The film attempts to compensate for a lack of action by following three different storylines. It starts with the author, Clay Hammond, (Dennis Quaid, Beneath The Darkness) reading his new novel to an audience. The book is about a writer, Rory Jansen (Bradley Cooper, The Hangover Part II), who plagiarizes his first published novel. The first storyline follows Hammond’s reading, the second is about Jansen’s plagiarizing and the third is the story of the old man (Jeremy Irons, Margin Call) Jansen plagiarized from. The best of the three stories is the third one, which recounts the old man’s experiences as a young soldier in France during World War II when he met a beautiful girl whom he married and had a child with.
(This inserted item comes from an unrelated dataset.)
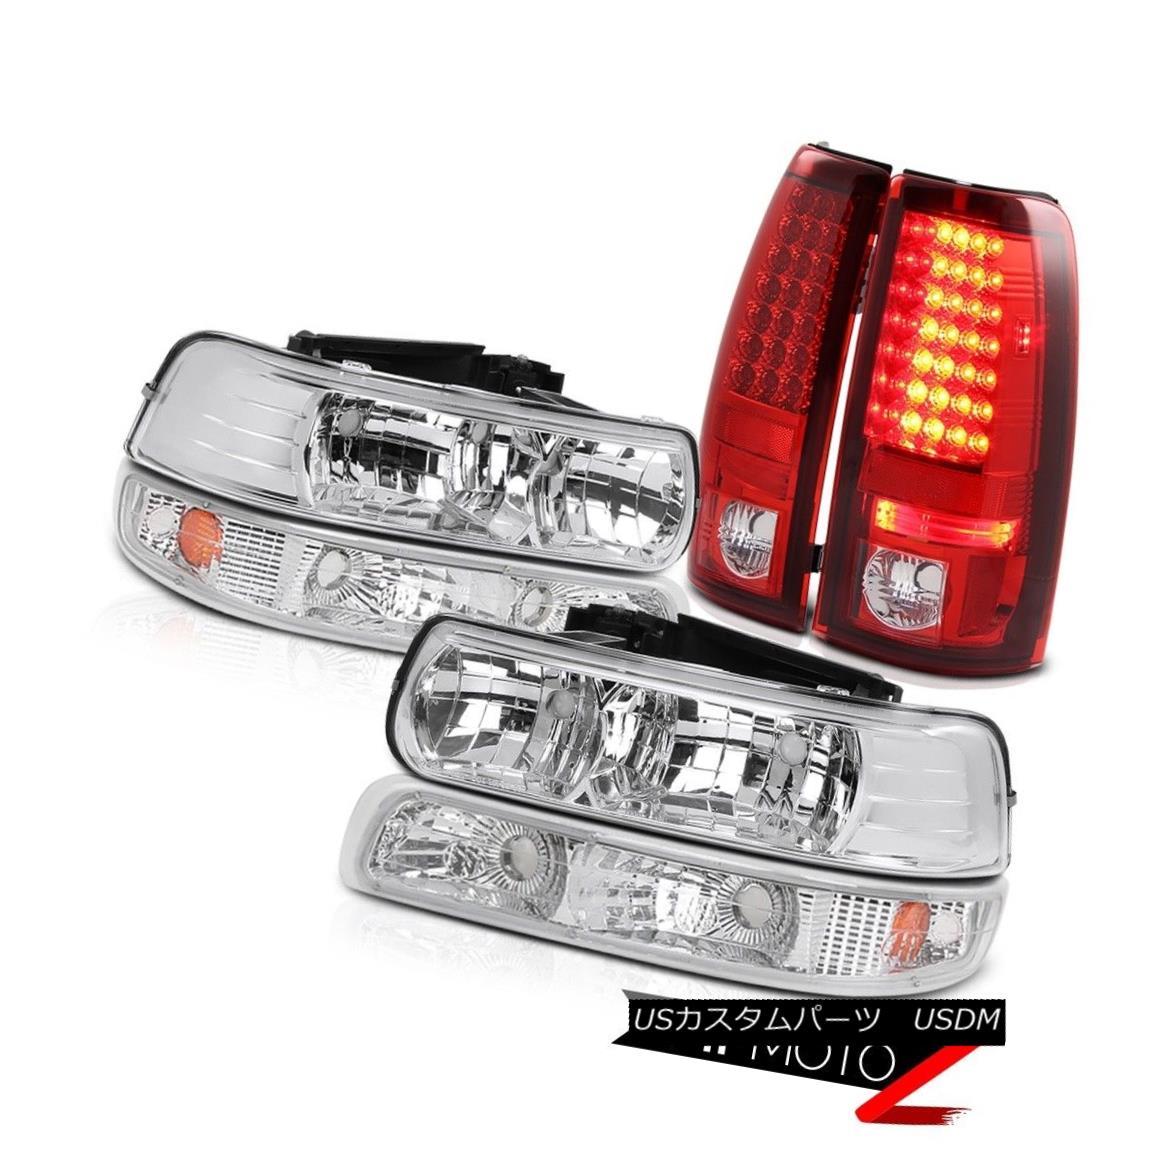 テールライト 99-02 Silverado Truck L+R Crystal Headlight+AMBER Bumper+RED/CLEAR LED Tail Lamp 99-02 SilveradoトラックL + Rクリスタルヘッドライト+ AMBE Rバンパー+ RED / CLE AR LEDテールランプ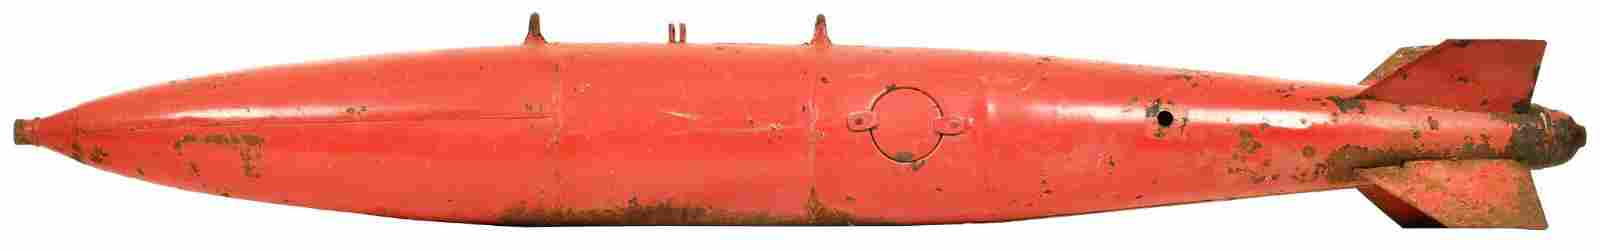 Large Practice Bomb

Within the first few minutes of the movie, Jansen’s wife Donna (Zoe Saldana, Colombiana) talks about the award he is going to receive for his new novel. You know from the look in his eyes that the guy is guilty of something. The suspenseful classical music and suggestion of something more to all these stories had me waiting for something devastatingly awful to occur, like someone coming across a dead body (I thought this very thing was going to happen in one scene, but instead of a body the man finds a note). To add an attempted layer of excitement, there is a bit of a twist at the end when it is implied that Hammond has based the novel about plagiarism on his own life.
I wondered what audience this movie is trying to target. The Words is a tale of morality. The whole point of the movie is to communicate to the audience that plagiarism is wrong, but I don’t know many people who like being lectured. Perhaps for those who like being subconsciously scolded, the movie will be more than just words.